Information on the individual constituents zinc and fatty acids, C9-13-neo will be used for the hazard assessment and, when applicable, for the risk characterisation of fatty acids, C9-13-neo-, zinc salts. For the purpose of hazard assessment of Fatty acids, C9-13-neo-, zinc salts, the point of departure for the most sensitive endpoint of each constituent will be used for the DNEL derivation.


Justification for selection of Effect on developmental toxicity: via oral route:
Information from read-across substances:
human data for zinc: NOAEL=20mg/kg bw/day
animal data for neodecanoic acid: NOAEL(rat)=250mg/kg bw/day

Justification for classification or non-classification

Fatty acids, C9-13-neo-, zinc salt is not expected to show adverse effects on sexual function and fertility, since the two constituents zinc and fatty acids, C9-13 -neo (respectively neoheptanoic acid and neodecanoic acid, substances similar in structure to Fatty acids, C9 -13 -neo) have not shown reproductive toxicity in a range of test systems. Thus, fatty acids, C9-13-neo-, zinc salt is not to be classified according to regulation (EC) 1272/2008 for reproductive toxicity.
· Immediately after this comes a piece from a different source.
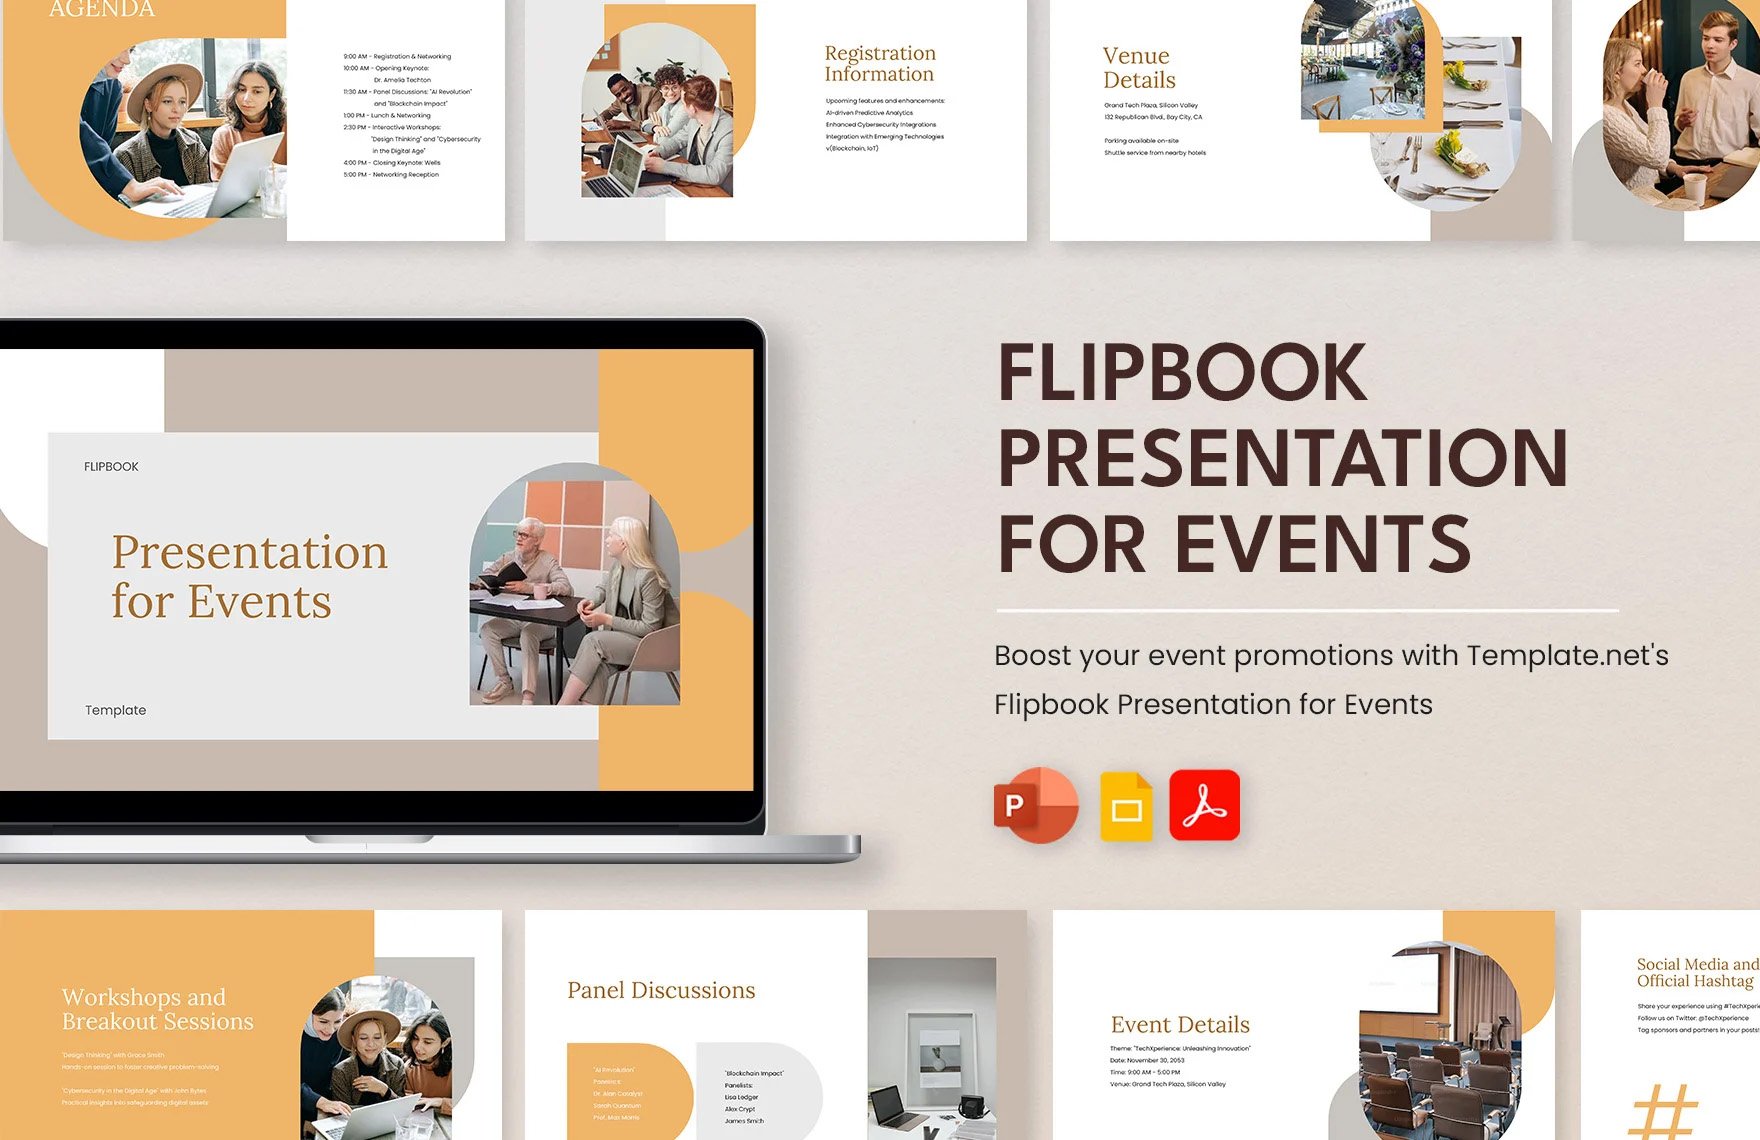 Flipbook Presentation for Events

Fatty acids, C9-13-neo-, zinc salt is not expected to show adverse effects on development of the offspring, since the two constituents zinc and fatty acids, C9-13-neo have not shown developmental toxicity in a range of test systems. Thus, fatty acids, C9-13-neo-, zinc salt is not to be classified according to regulation (EC) 1272/2008 for adverse effects on development of the offspring.

Furthermore, Fatty acids, C9-13 -neo-, zinc salts is not to be classified according to Directive 67/548 EC for reproductive toxicity or adverse effects on development of the offspring.